Yes. She blinked hard to keep the tears at bay. Even if she’d known Jack had written the letters, she would have made those same choices—because she loved him, and love made people do foolish, self-destructive things.

Not anymore, though. She couldn’t do this. She wouldn’t.

And she didn’t have to, because there was someplace else she could go—someplace far away, someplace she could start over and forget she’d ever met Jack Cole or his secret evil twin, Fired Up in Lovestruck.

Until that moment Madison had forgotten all about the email from Fashionista. She’d only opened it once and had neither responded nor called the editor-in-chief, as requested. The job offer was just sitting there, languishing in her in-box, but now it seemed like a lifeline.

She took a deep breath and thought about what taking a job in Manhattan would mean—more money, more prestige, a return to the glamorous world of high fashion. She could get her own apartment instead of living in her aunt’s guest room and sharing a bed with a hairless dog.

Except staying with Aunt Alice had reminded Madison what it felt like to be part of a family, and she’d grown accustomed to Toby greeting her with a tail-wagging little dance when she came home from work.
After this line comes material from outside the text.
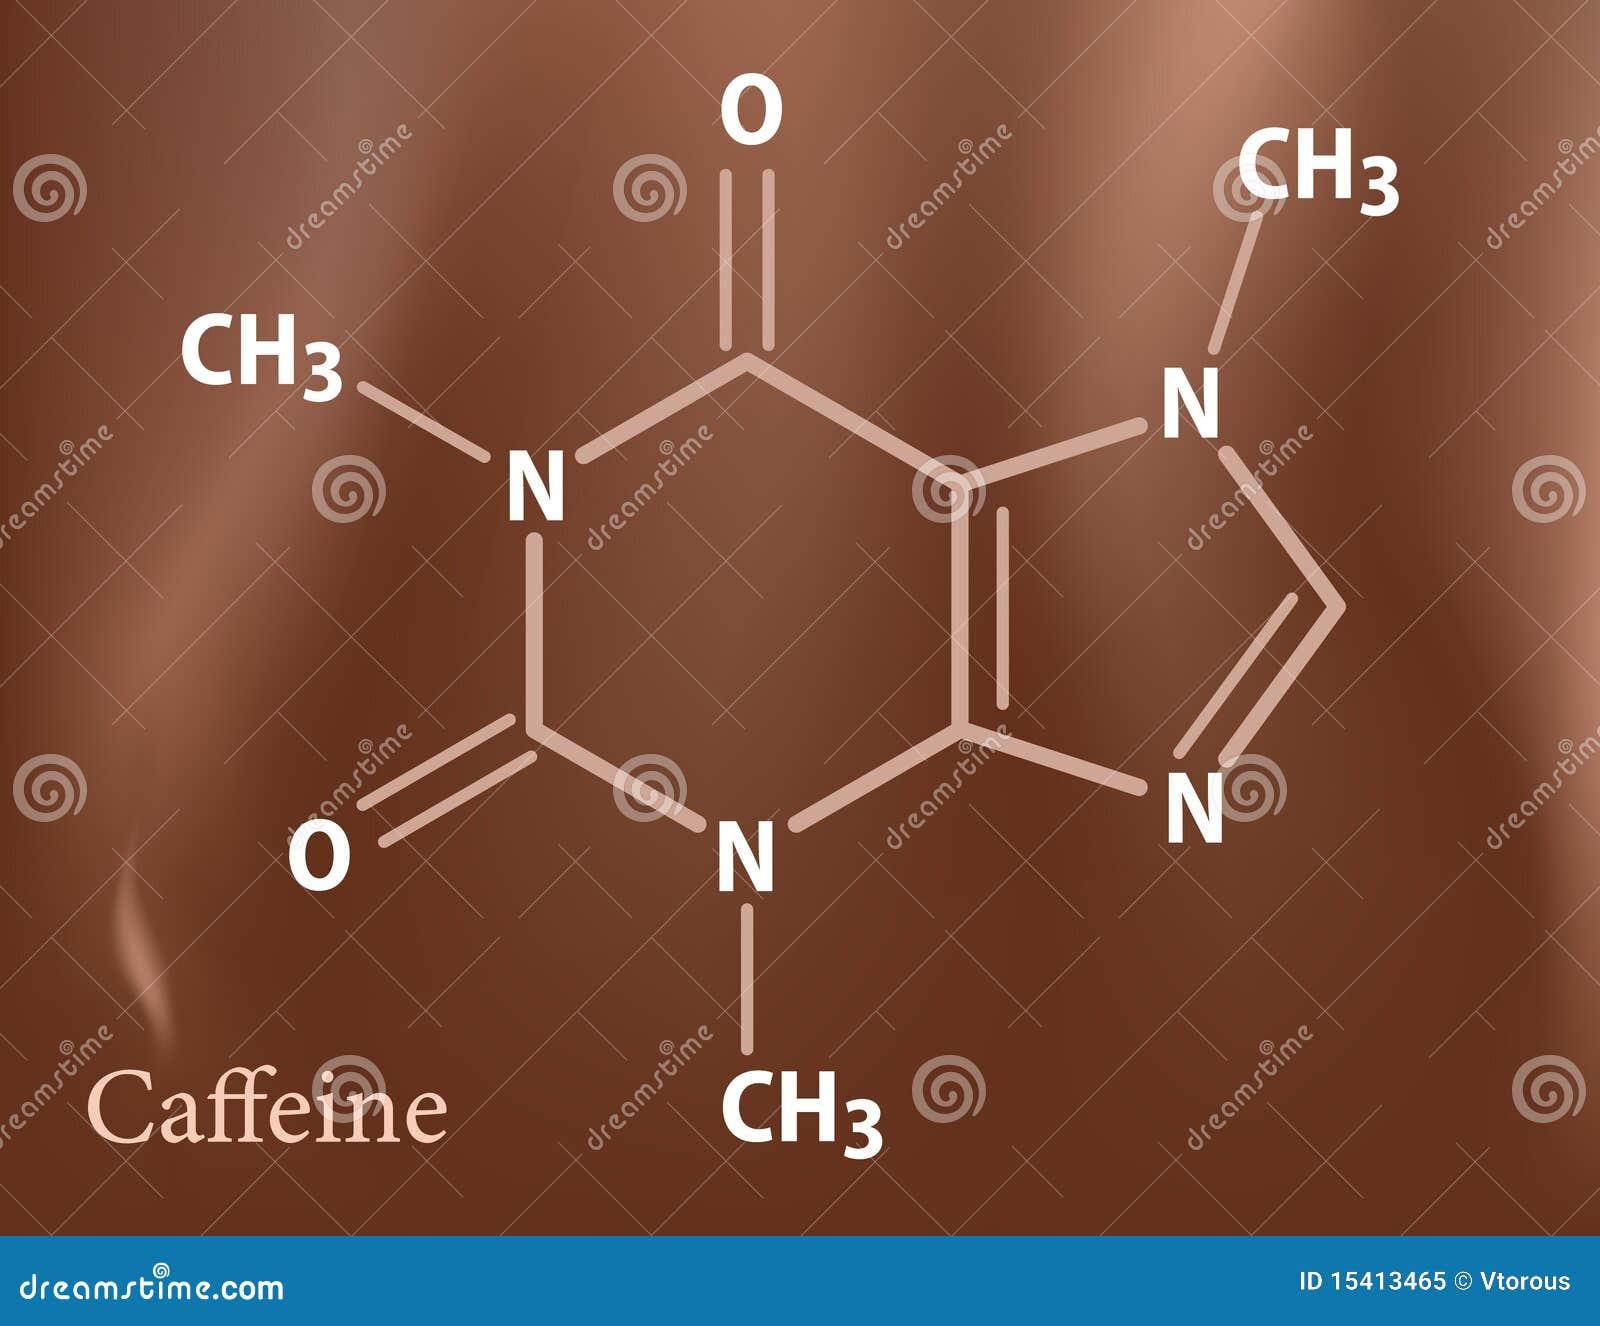 Koffeinformel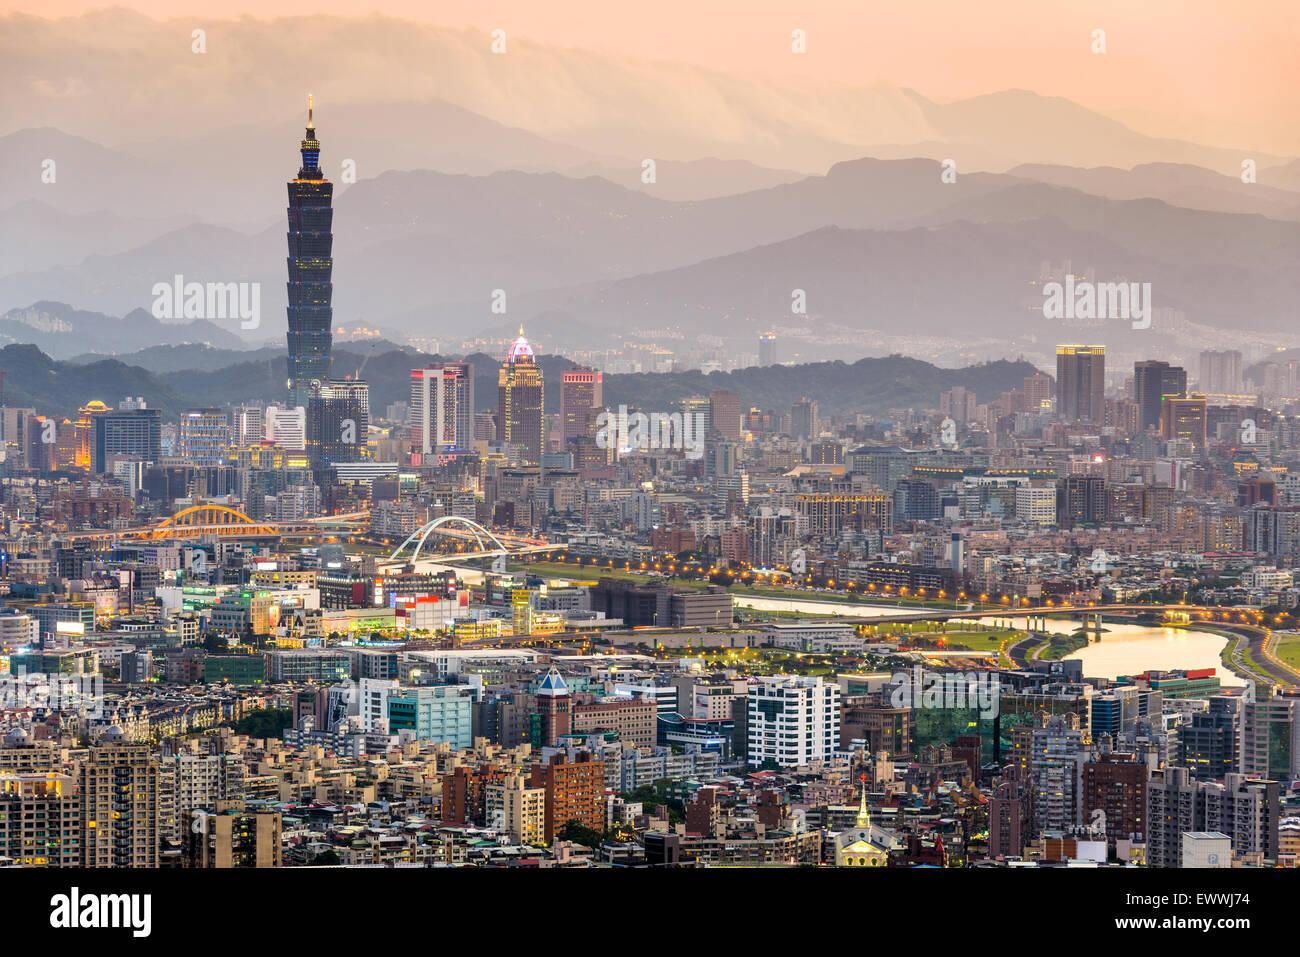 Taipei, Taïwan sur les toits de la ville. Photo Stock

She’d miss the little guy. She’d even miss his goofy little sweaters. Deep down she had the nonsensical feeling that she might even miss Mr. Grant and the Main Street offices of Bee.

She chalked those feelings of unease up to nerves. The job at Fashionista was everything she’d been hoping for. Jack’s accident had shaken her up; that was all. Finding out that he’d been Fired Up in Lovestruck all along might actually be a good thing—now she could walk away from Vermont and its small-town charm and never, ever look back.

“I’m going to go,” she said, gathering up her handbag and bolting for the door. She stopped short of telling him that she planned on being on the first plane out of Burlington in the morning. The last thing she wanted was a long goodbye. “Give Ella and Emma a hug for me, okay?”

Jack looked as stricken as if she’d slapped him, but he took a deep inhale and nodded. “I’ll do that, but can we talk in the morning? Please?”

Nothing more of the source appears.